What is expected – From the line containing "Leny Andrade SENSACAO: COLECAO" to the line containing "Seni Lady Slim" in the records below, set down every line exactly as it stands, both ends included, and skip the pictures.

Data to use –
-=-=-

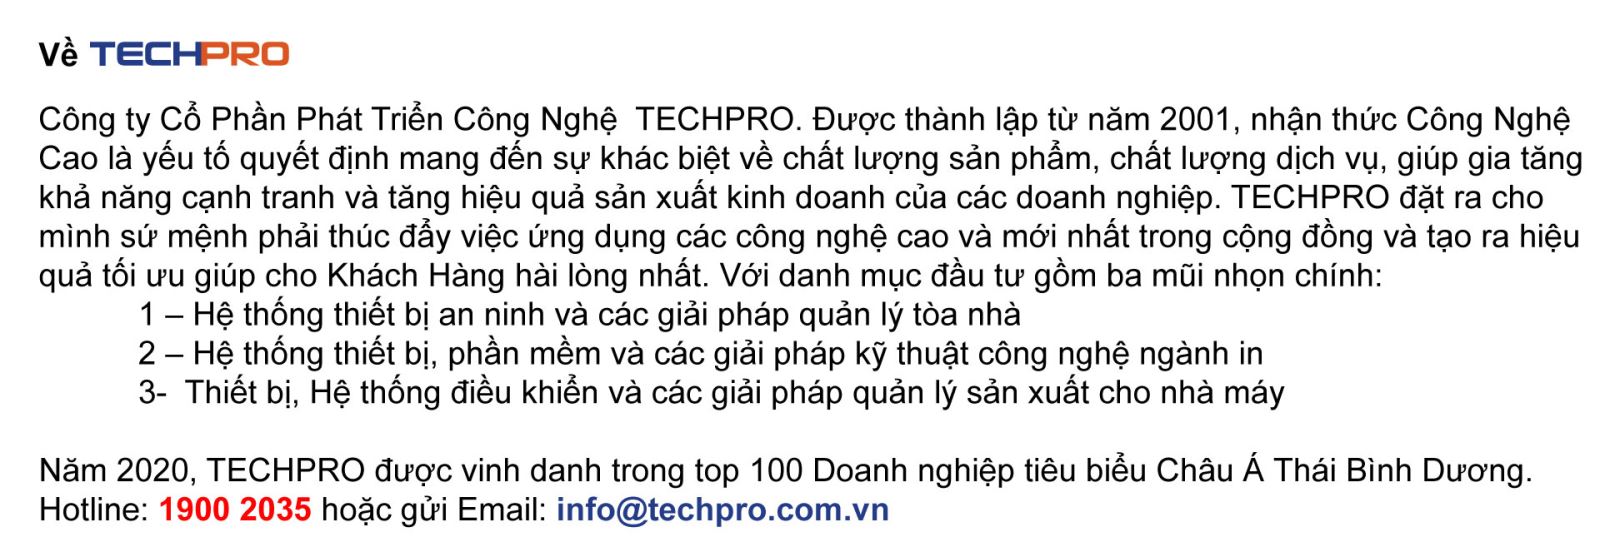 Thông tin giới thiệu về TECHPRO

-=-=-

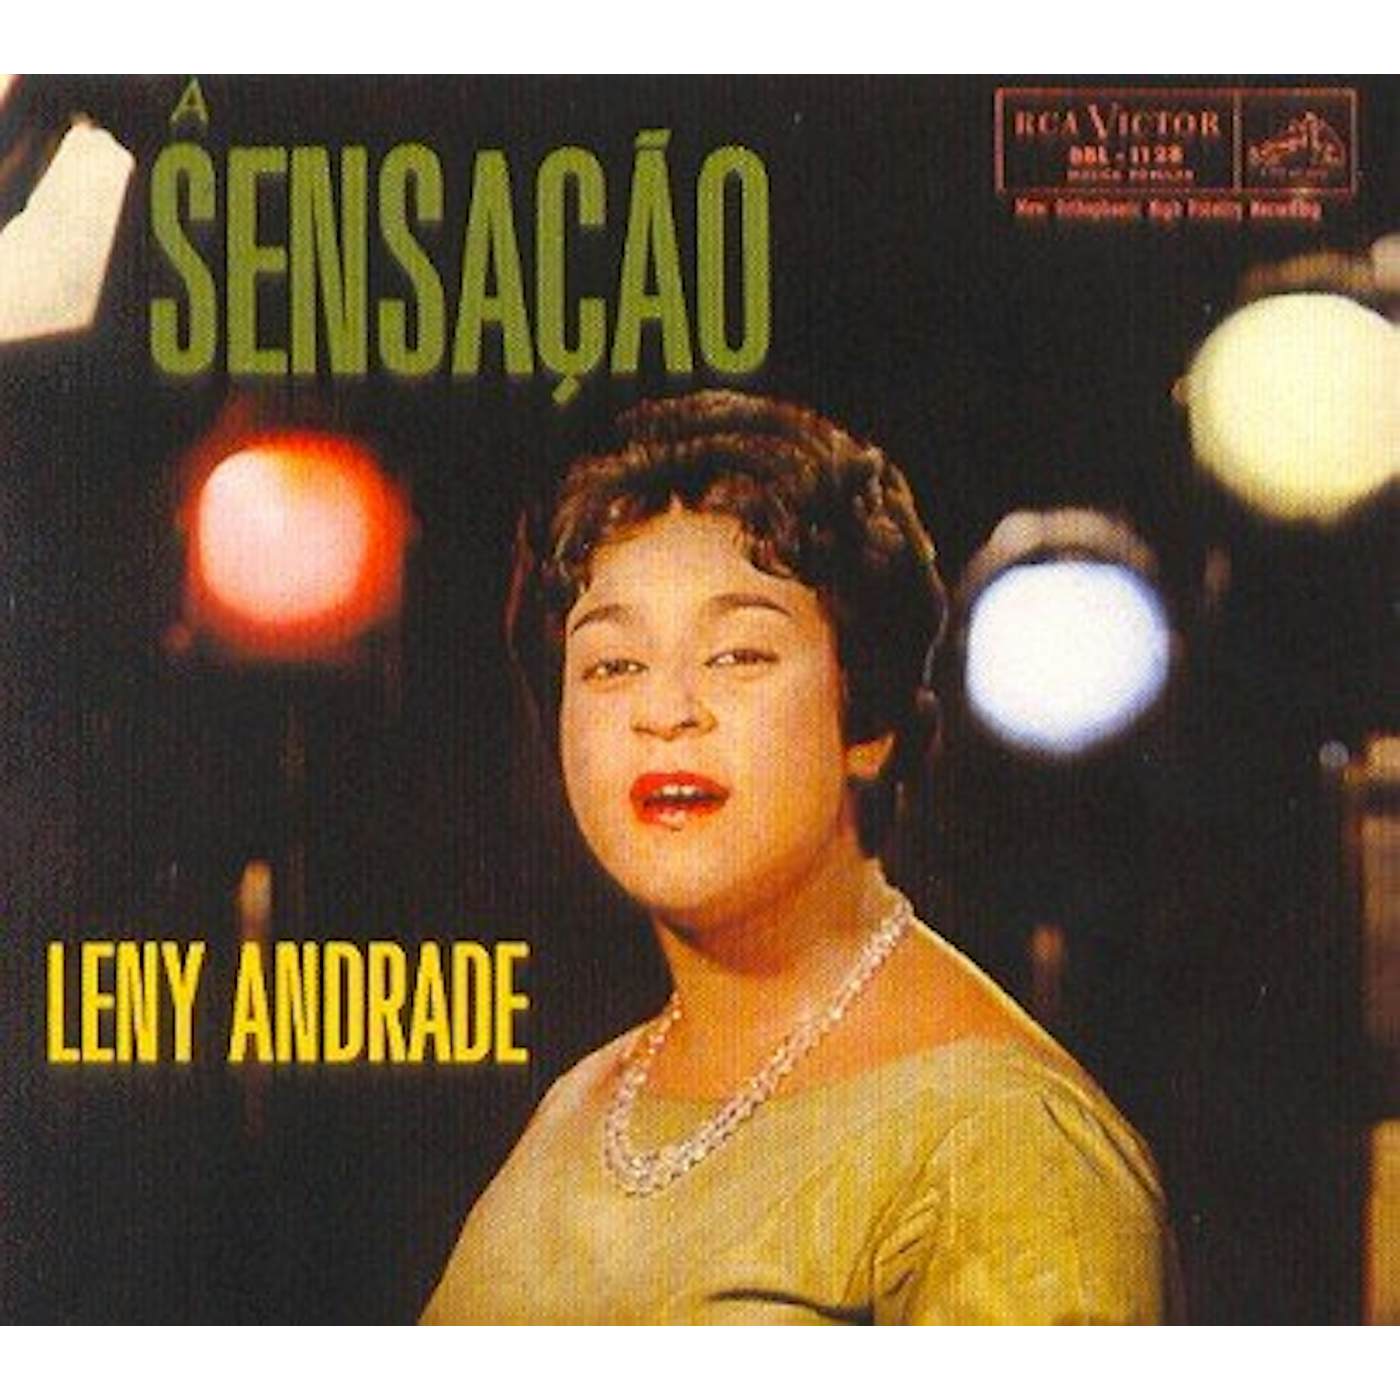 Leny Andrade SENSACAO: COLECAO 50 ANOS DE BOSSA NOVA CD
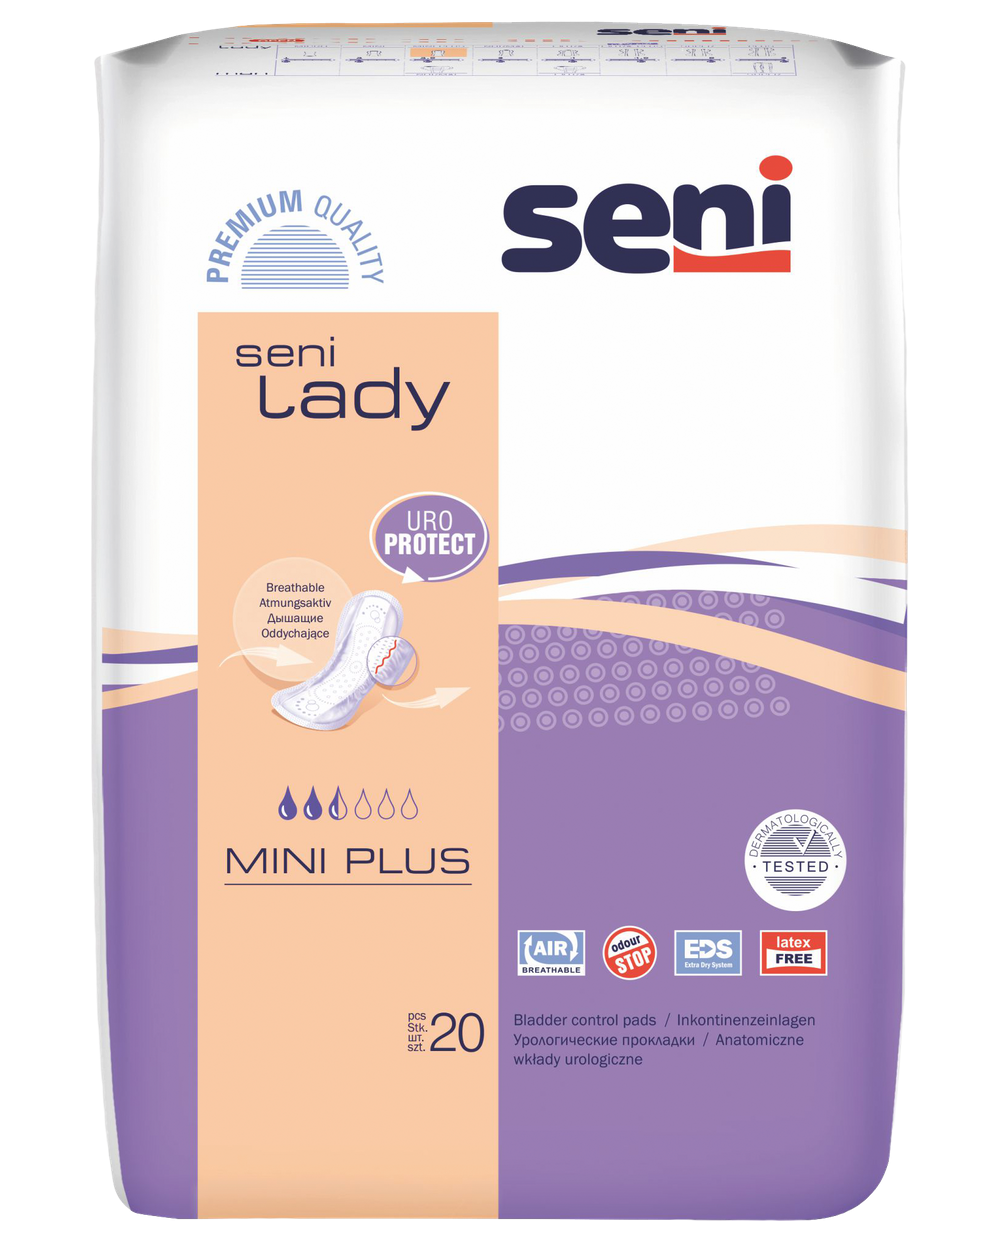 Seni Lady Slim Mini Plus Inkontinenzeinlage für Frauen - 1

-=-=-

Task response –
 Leny Andrade SENSACAO: COLECAO 50 ANOS DE BOSSA NOVA CD
 Seni Lady Slim Mini Plus Inkontinenzeinlage für Frauen - 1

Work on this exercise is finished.